Let's look at two more features of pivot tables that will allow you to do more complex investigations of your data. We learned that a Row in a pivot table specifies an aggregation or grouping of items for which you want to compute a value. A Column in a pivot table is just another grouping, but it displays the values across the top of the table.
Do the following:
➤ Using the Pivot table editor, select the Add button for Columns, then select gender from the list of options.
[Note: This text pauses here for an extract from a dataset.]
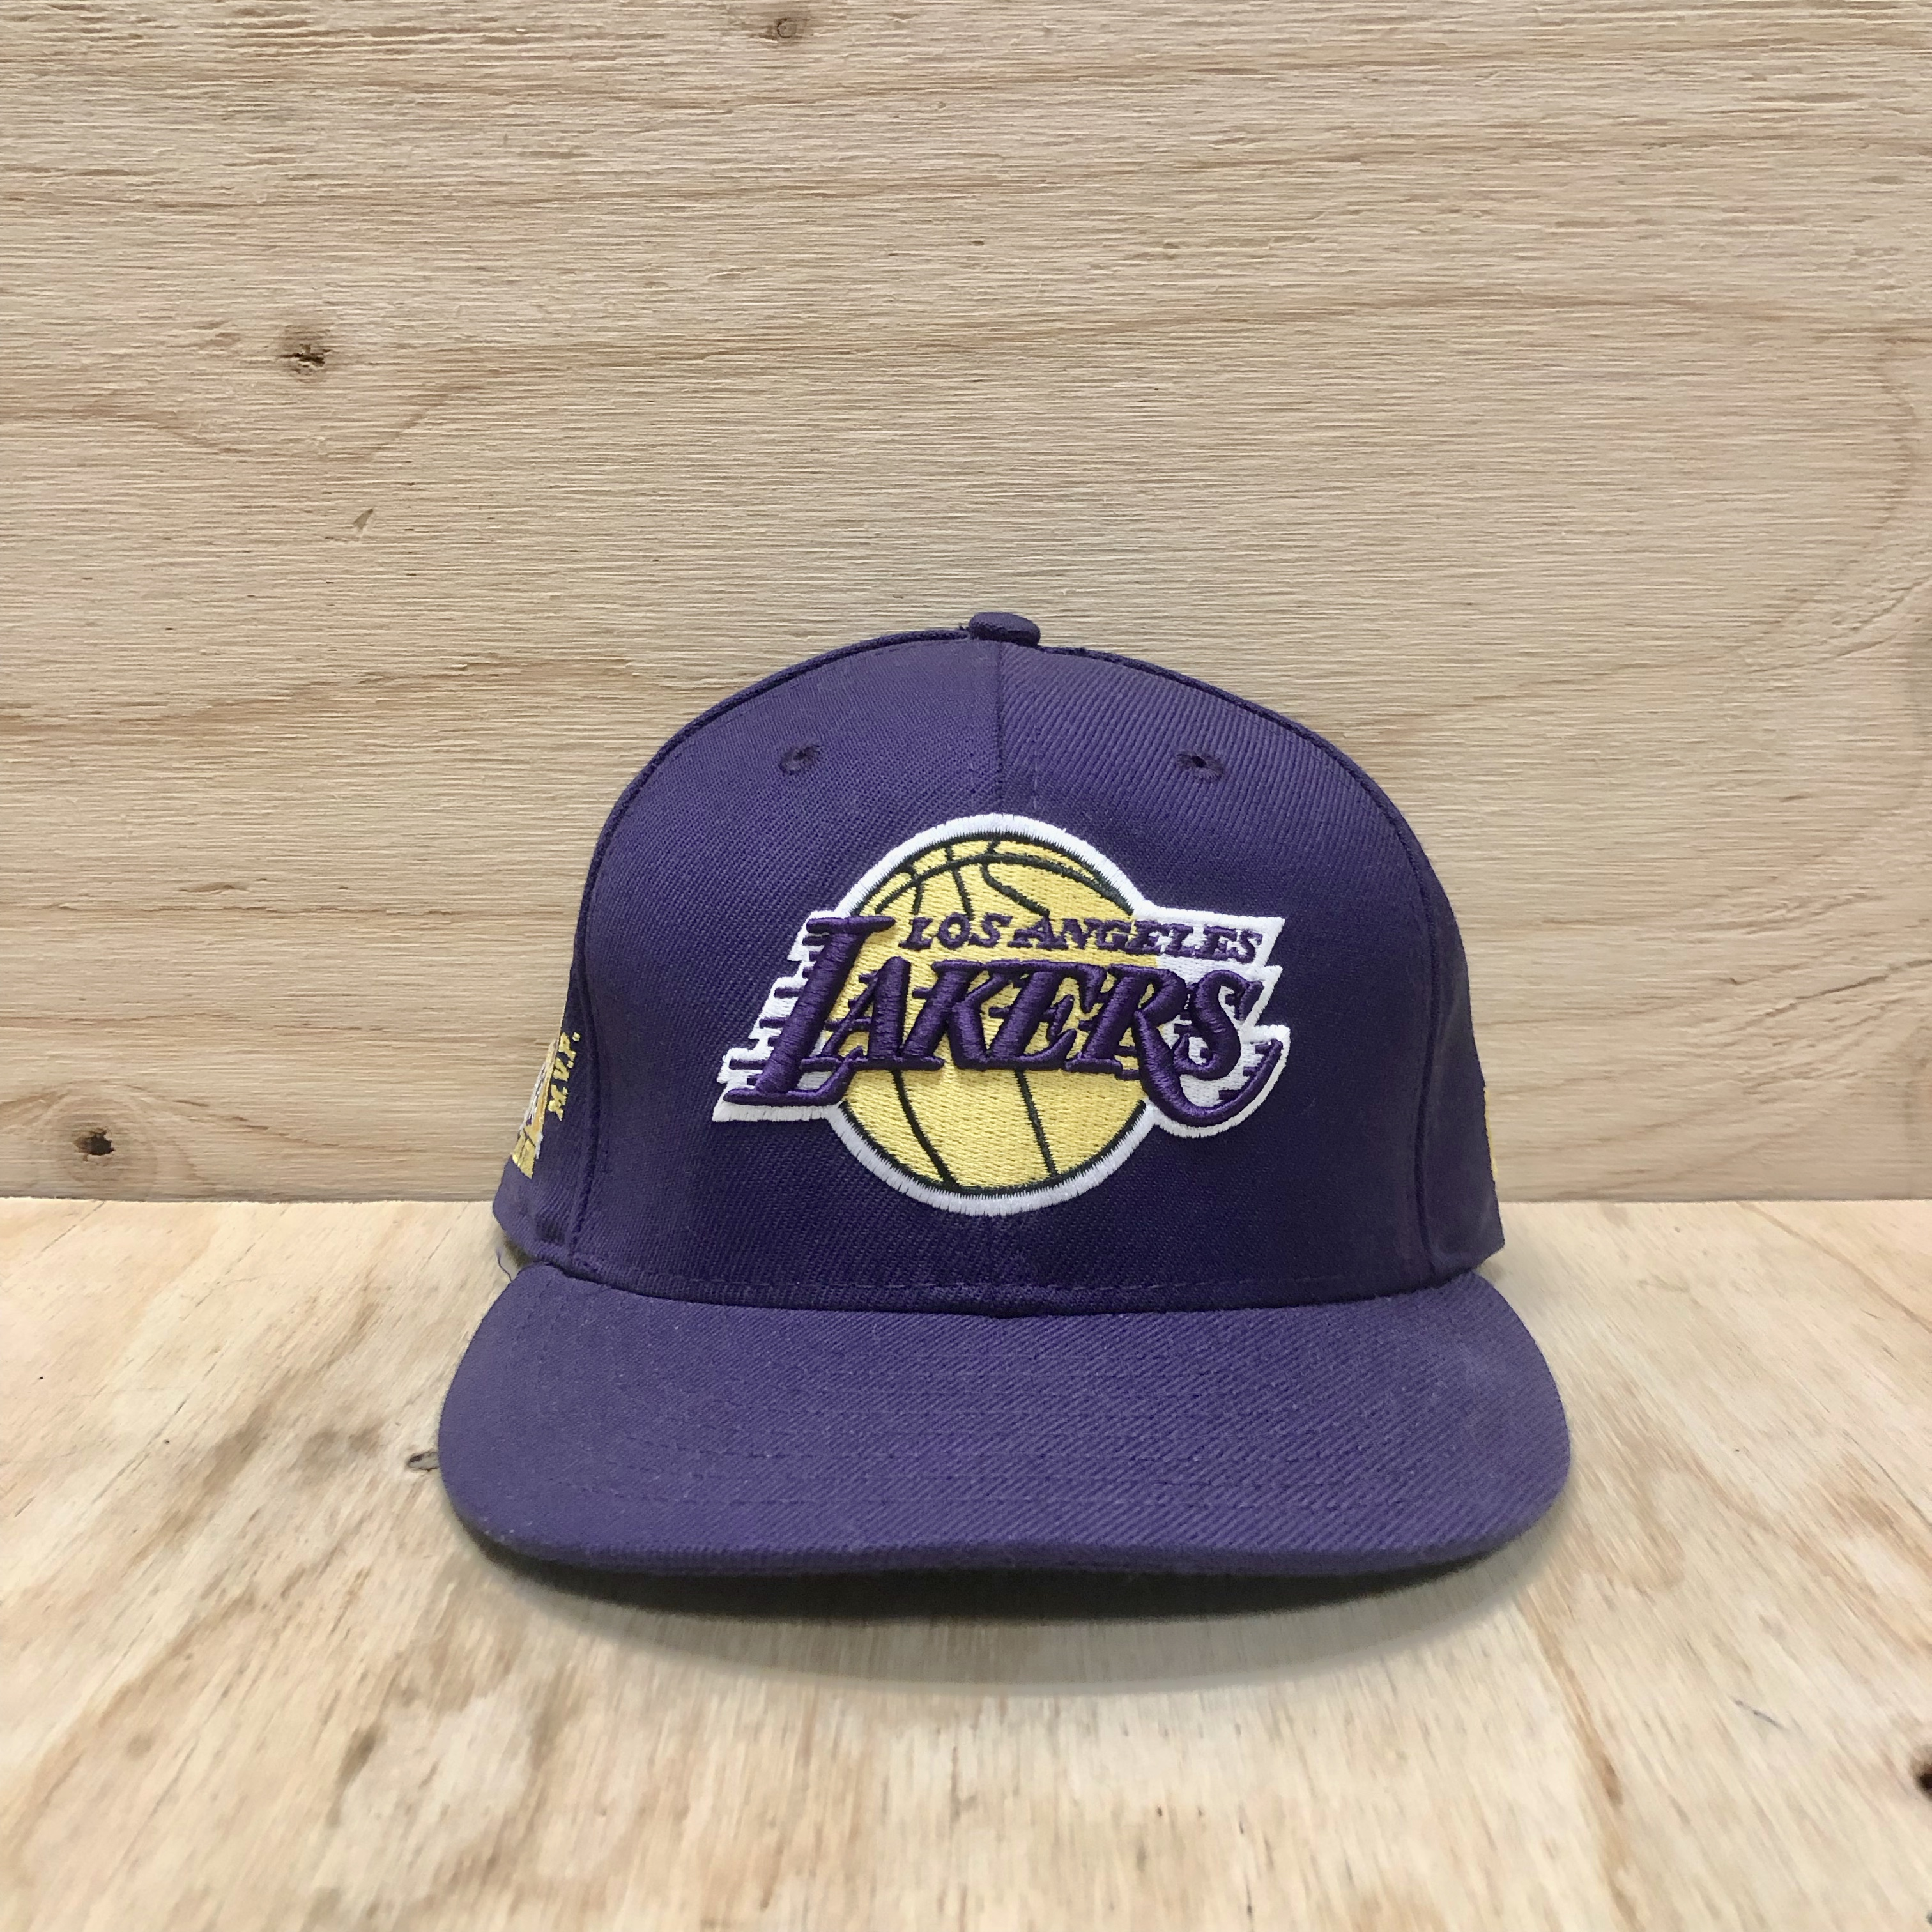 info for 575fb 81f28 New Era × Nba ×. Kobe Bryant Los Angeles Lakers Basketball Retirement  Snapback Hat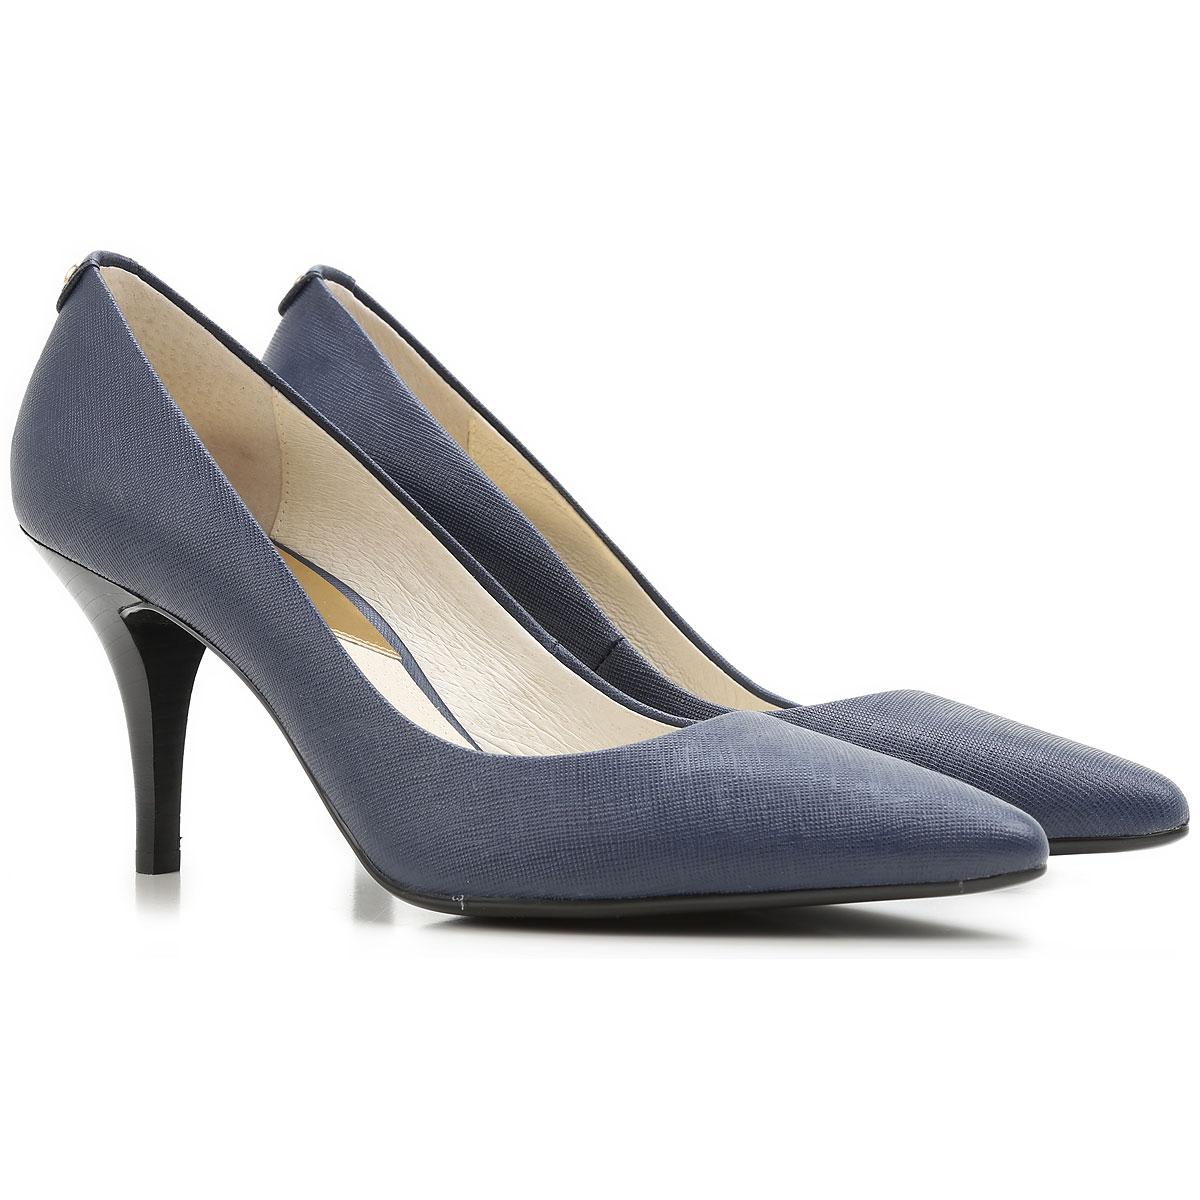 Replica Michael Kors Womens Shoes

This will group your data by gender. The resulting table shows the average rating and count for each movie, but it is now also broken down by gender. The pivot table also preserves the "Grand Totals" which is what the data would look like if no columns were specified.
Applying a filter to a pivot table does the same thing as it does in a regular spreadsheet - it allows you to filter out values from the raw data.
The video provided shows first filtering out 14-year-olds from the calculations, and then filtering out some of the movies. You don't have to do this, but in some instances it can be a very useful tool.
Do the following:
➤ Experiment with adding a Filter for age, date, movies, etc.
If you want to maninpulate the data further, to sort or filter, you shouldn't do it in the live, active pivot table. Instead you should copy the table, and paste the values into a new spreadsheet. Note: "Paste Values" is not the same as a normal "Paste".
Do the following:
➤ Select the entire range of the pivot table and copy it, then create a new tab in the spreadsheet.
If you copy a pivot table and do a normal paste it will paste another copy of the active, live, responsive pivot table into a new tab. We don't want the active table; we just want the values it produced.
You probably want to add/change column headings to display on the table, especially to use it for charting.
Do the following:
➤ Manually edit the table so that it matches the example provided, including:
Change the column heading and make them bold.
Limit the decimal places to 2 and adjust the column widths accordingly.
From cleaning that up, plus some filtering we can make a chart of movies where the differences between male and female ratings are significant.
You can learn more about further analyzing your data to create charts in the Visualizing Data Tutorial.
A summary table can be a good first step toward a great visualization. You often want to summarize data first, then chart it, so you can see larger connections or patterns. Summary tables also don't have to be small! You might make a summary table that is still too big or full of numbers to see any trends in the data.
However, if you chart the results, you will more easily be able to see trends and patterns emerge from the data visualization.